The servers, however, cannot be too remote. The speed of light passing through fibre-optic cables and switching delays incurred by every router along the path play a role in determining network responsiveness. The rule of thumb is that every 100km of distance adds a millisecond of delay in each direction. To reap the benefits of 5G’s low latency, autonomous systems will need to deploy server resources closer to the point of demand than is typical today. It is this, of course, that is leading to the development of the edge computing market.

Edge computing servers may sit within an industrial campus. For example, a mining operator that makes extensive use of autonomous vehicles to move material around a site can choose to deploy their own micro data centre. In many cases they will have the ability to make use of shared, cloud-based services located a little further away to provide the edge computing resource. Although mines are frequently in remote locations, many are close enough to urban centres to make it viable for service providers to set up their own edge computing resources that are shared with other agricultural and industrial users.

Computing at the edge of the cloud will not replace the centralised servers that form the basis of today’s network architectures. There will still be a need for longer-term planning, which will be handled by a second layer of software with machine learning at its core. The portions that need a real-time response, however, will be devolved to the ‘cloudlets’ that lie between wireless nodes and the core cloud servers.

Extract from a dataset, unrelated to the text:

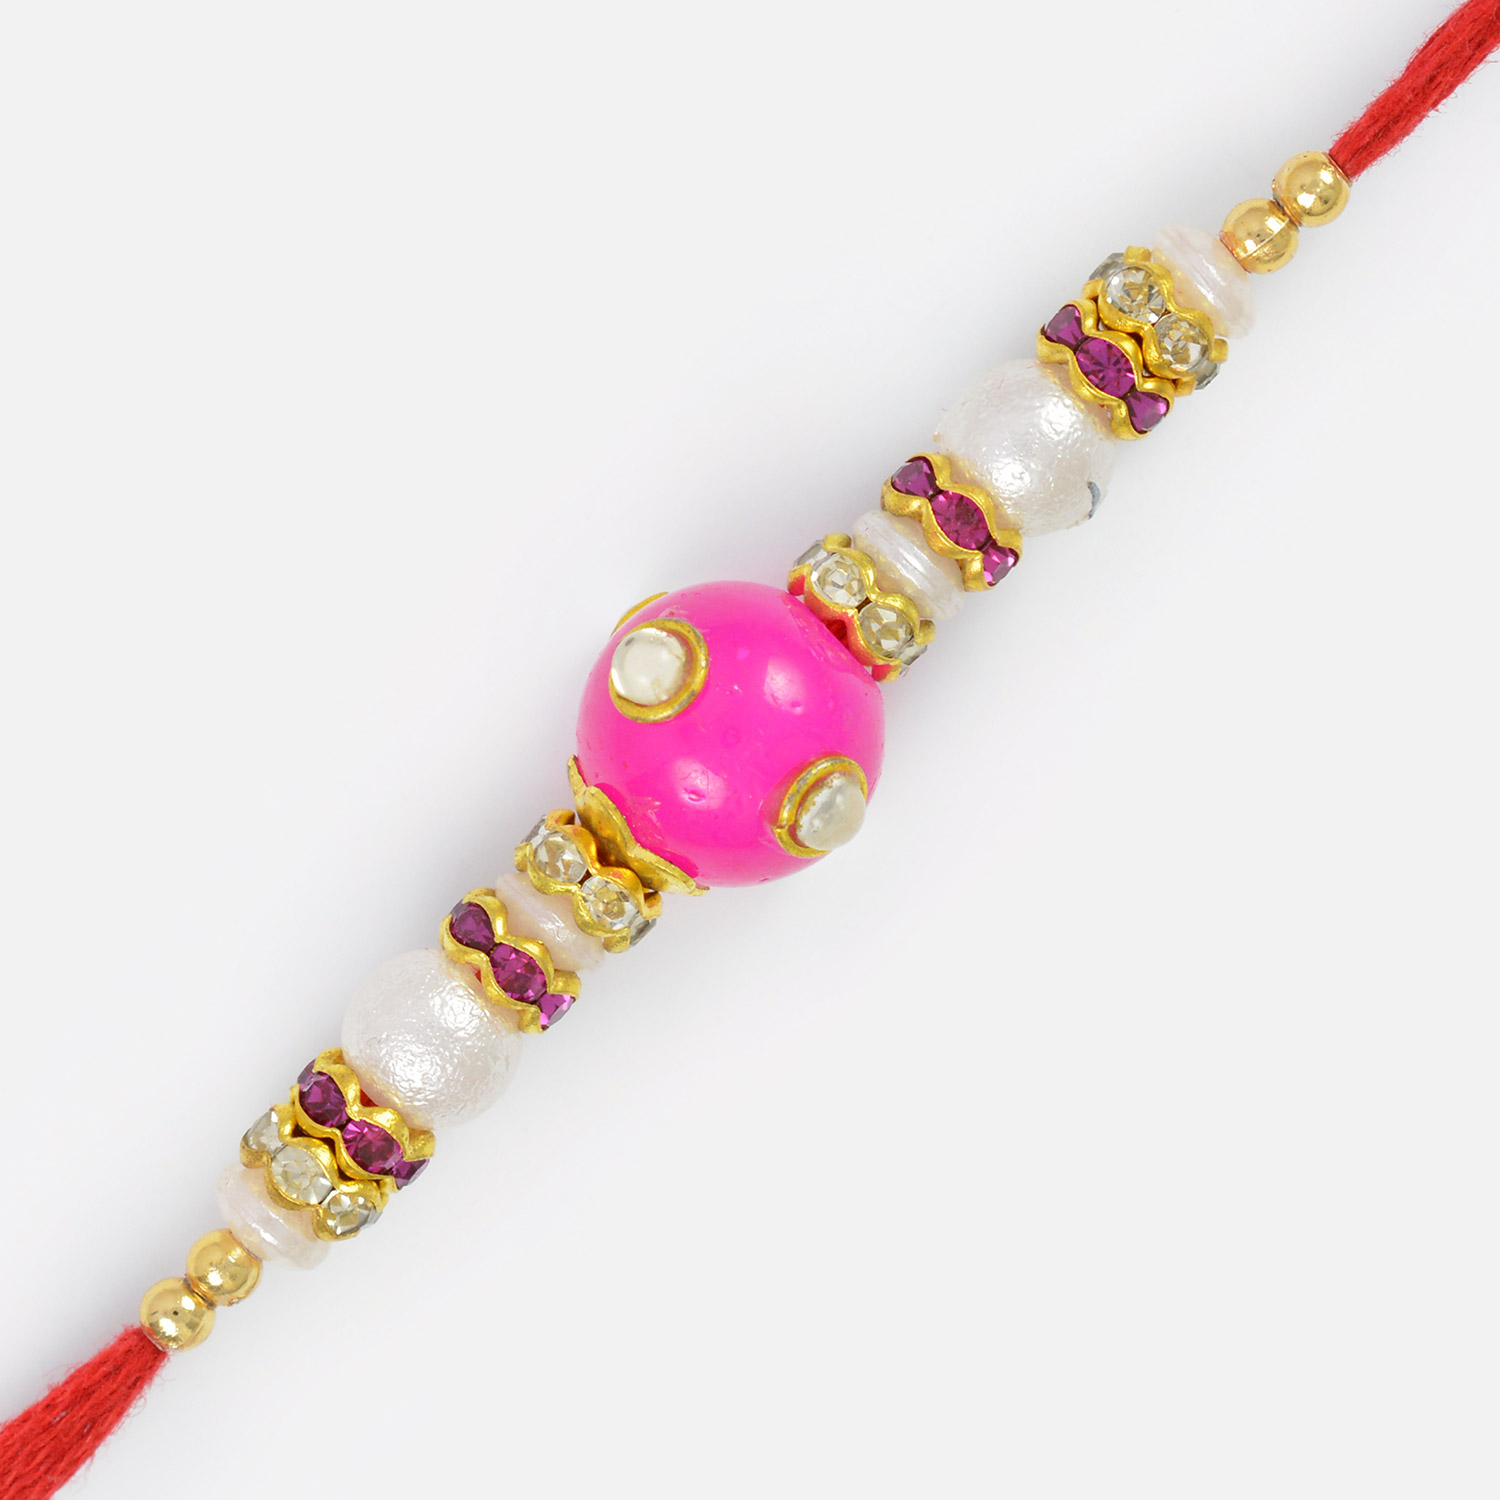 Awesome Central Pink Ball and White Pearl Rakhi Thread

Cloudlet computing requires a change in approach to server design from what is conventional in core data centres. Performance remains critical, but it has to be compact, reliable and energy-efficient too. The design of the compute elements is likely to have more in common with that of cellular base stations than high-end server blades. Space, cooling and opportunities for maintenance will be limited. Some smaller cloudlets may coexist with telecom equipment in roadside cabinets, while others will be fitted into containers for easy and rapid deployment.

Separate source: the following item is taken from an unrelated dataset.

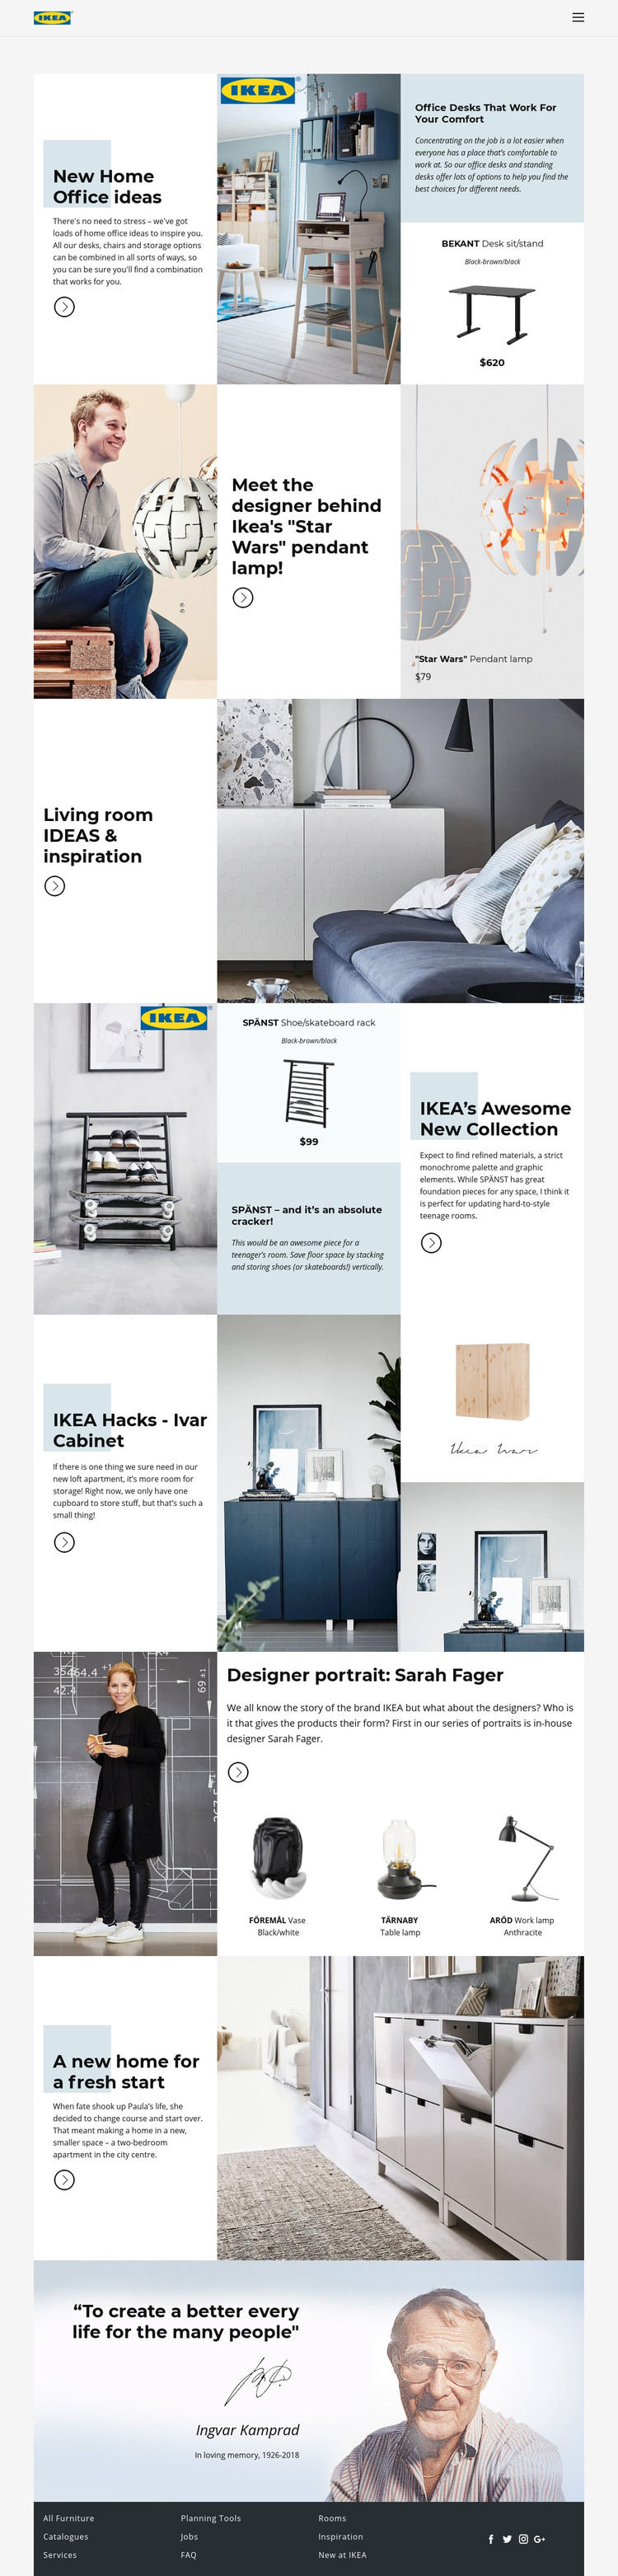 Inspiration from IKEA Homepage Design

Architectures designed for cloudlets will make extensive use of acceleration technologies for tasks such as machine learning. Accelerators offer higher performance per Watt than general-purpose multicore processors. Operational reliability can be delivered through the use of redundant nodes, but a key challenge lies in security. Physical security is harder to guarantee for cloudlets compared to large-scale data centres. Tamper and intrusion detection will be needed so that if attackers gain access to the hardware, systems can take action and move workloads to unaffected cloudlets nearby.

Computer design will play a key role in guaranteeing security against attacks launched over the network. Very different applications will need to run alongside each other on the cloudlet hardware to provide high resource utilisation. The cloudlet systems need to be able to ensure that applications running on one node cannot interfere with others and, in doing so, intercept private data or disrupt operations. Technologies such as virtualisation and containerised software will make it easier to maintain application separation, monitor behaviour and let administrators lock out bad actors. Software running in containers will also be easier to move as resource requirements change, thereby helping cloudlet operators optimise their infrastructure and guarantee performance levels.

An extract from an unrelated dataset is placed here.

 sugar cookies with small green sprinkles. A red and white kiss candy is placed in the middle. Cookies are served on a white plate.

The arrival of 5G, with its markedly reduced power consumption per data connection and deterministic capabilities, will clearly be highly advantageous to the industrial sector. Furthermore, it represents the beginning of a pivotal stage in the ongoing evolution of cloud computing. Through improvements in hardware and software technology, cloudlets located close to the point of need will make it possible to realise a new generation of artificial intelligence enabled real-time systems and, in doing so, drive forward the next industrial revolution.